# heat pad v heat lamp



## growler1961 (Nov 2, 2007)

ive allways used a over head heat lamp on my winter pups for the first 3 weeks with out any problems, but thinking of trying a heat pad next time 
what do you use?
interested to know what other breeders prefer


----------



## Guest (Nov 14, 2007)

I have only ever had 1 winter litter & i used a lamp.

A friend of mine breeds yorkies & he rates the pad very highly


----------



## carol (Nov 2, 2007)

a friend uses a lamp i use pad think they are both good


----------



## basi (Nov 9, 2007)

I use a heat pad because it is easier for the puppies to move away from if they get too warm.


----------



## Esined (Nov 2, 2007)

I breed cats and always use heat pads, never tried a lamp because I dont like the bright light cos of their little eyes, A heat pad is great for temp controll.


----------



## terriermaid (Nov 5, 2007)

ive always relied on the mothers body heat and a reasonable room temperature


----------



## Leanne1989 (Nov 11, 2007)

we only ever used a heat pad once for a mouse puppy and wouldn't use one again.
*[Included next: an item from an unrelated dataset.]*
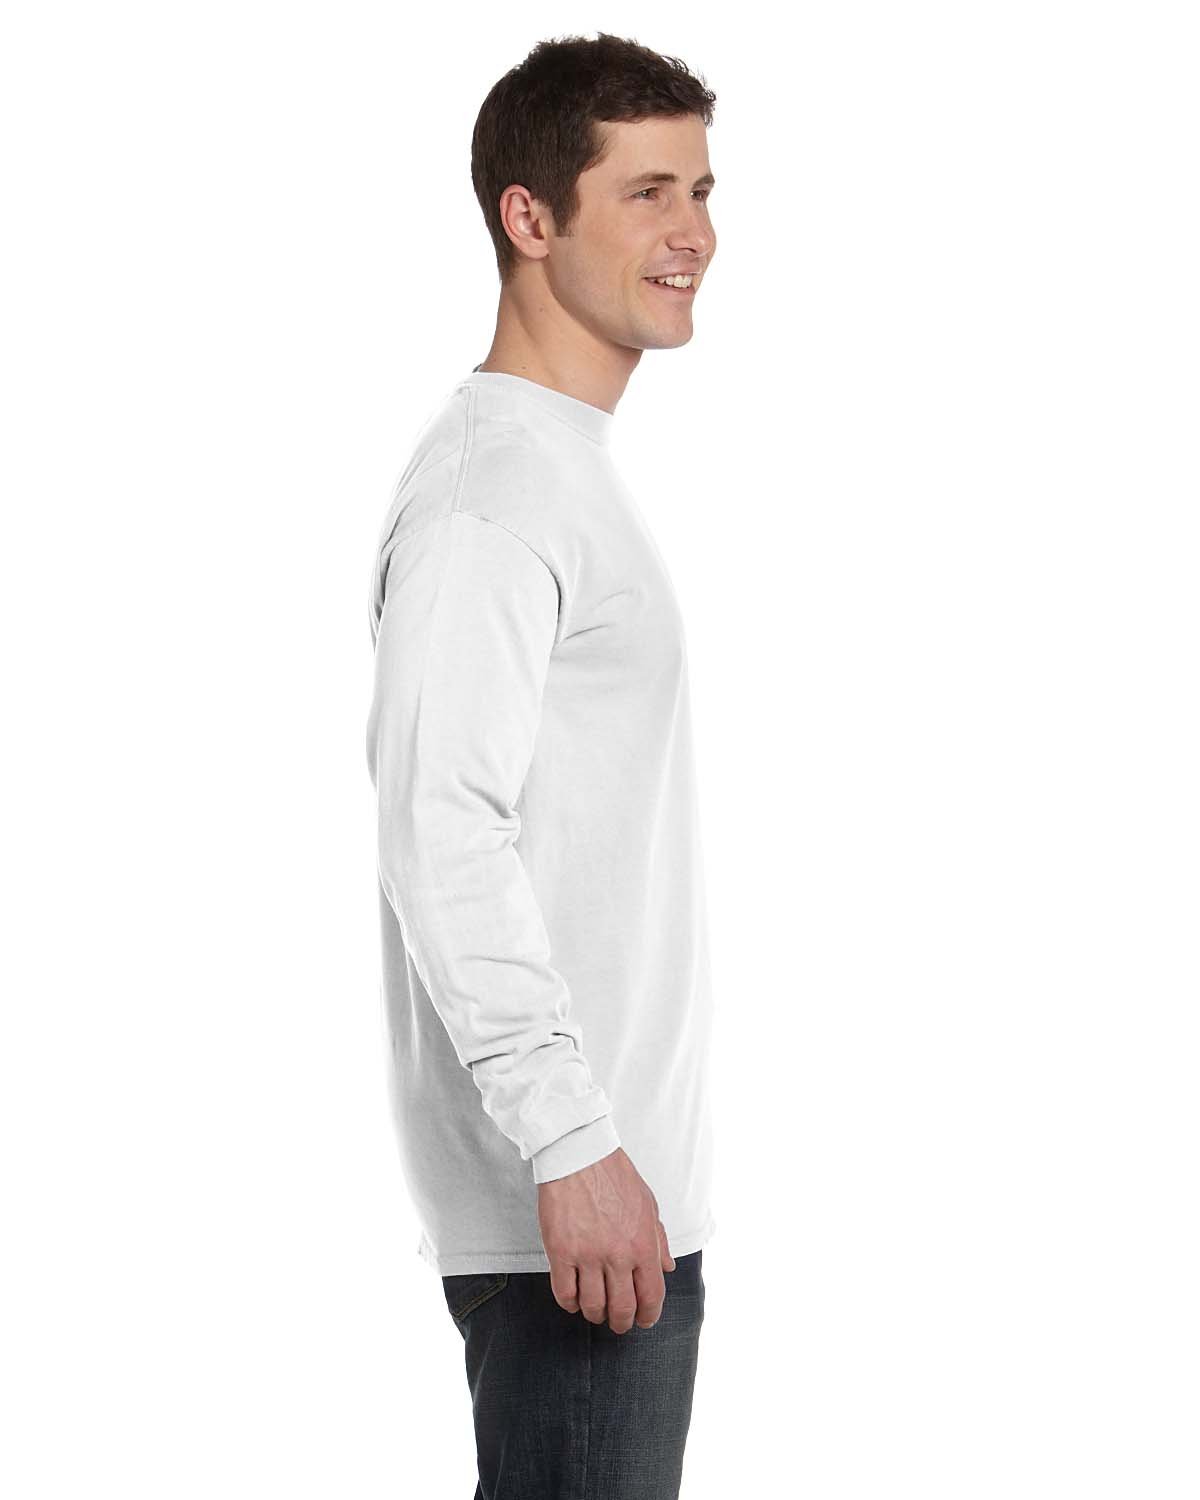 Comfort Colors 6.1 oz. Ringspun Garment-Dyed T-Shirt S PEPPER
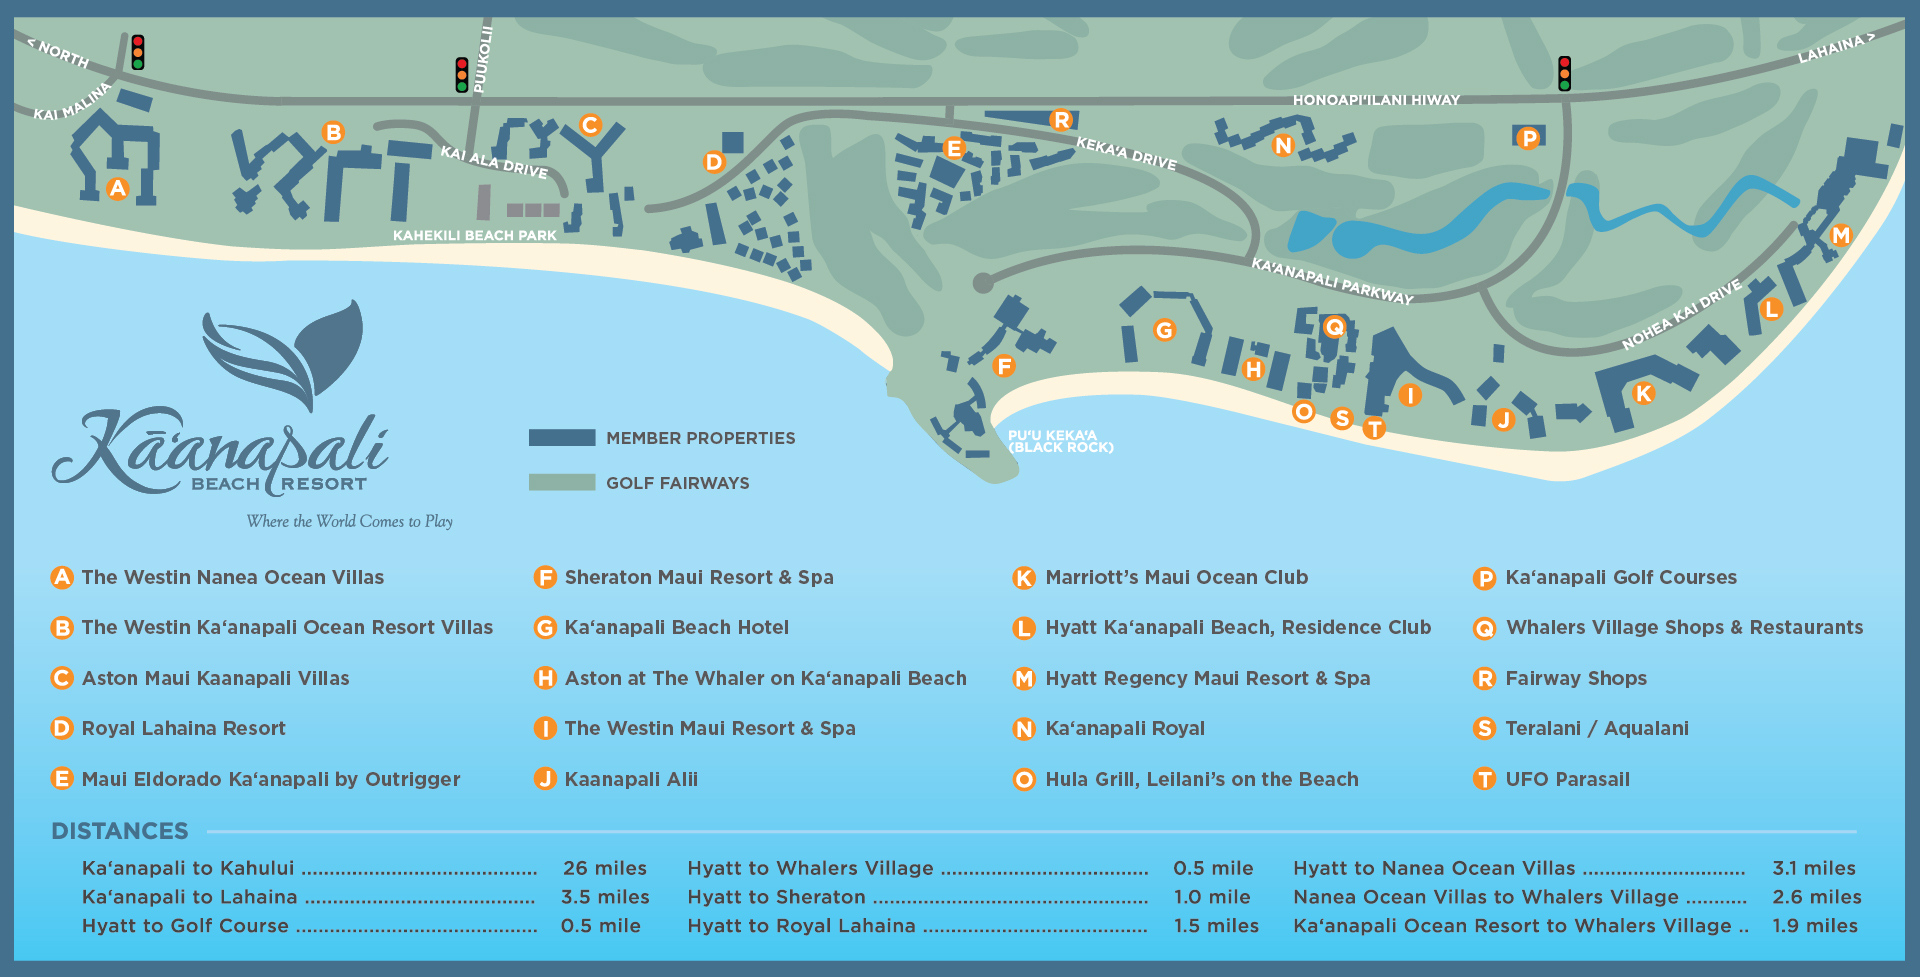 Marriott S Maui Ocean Club Ka Anapali Beach Resort Association

Cant beat a mother when it comes to pups and we also have an aga so our house temp is quite hot anyway.


----------



## alan moore (Nov 20, 2007)

used both in the past
but heat pads i have never had as good a return as lamps
so always use a heat lamp but infared rather than clear as it is better for pups eyes
i agree with one of the comments though
"you cant beat the heat off the mum" so only use my lamp when its is very cold or mum is having a rest


----------



## may (Nov 2, 2007)

Esined said:


> I breed cats and always use heat pads, never tried a lamp because I dont like the bright light cos of their little eyes, A heat pad is great for temp controll.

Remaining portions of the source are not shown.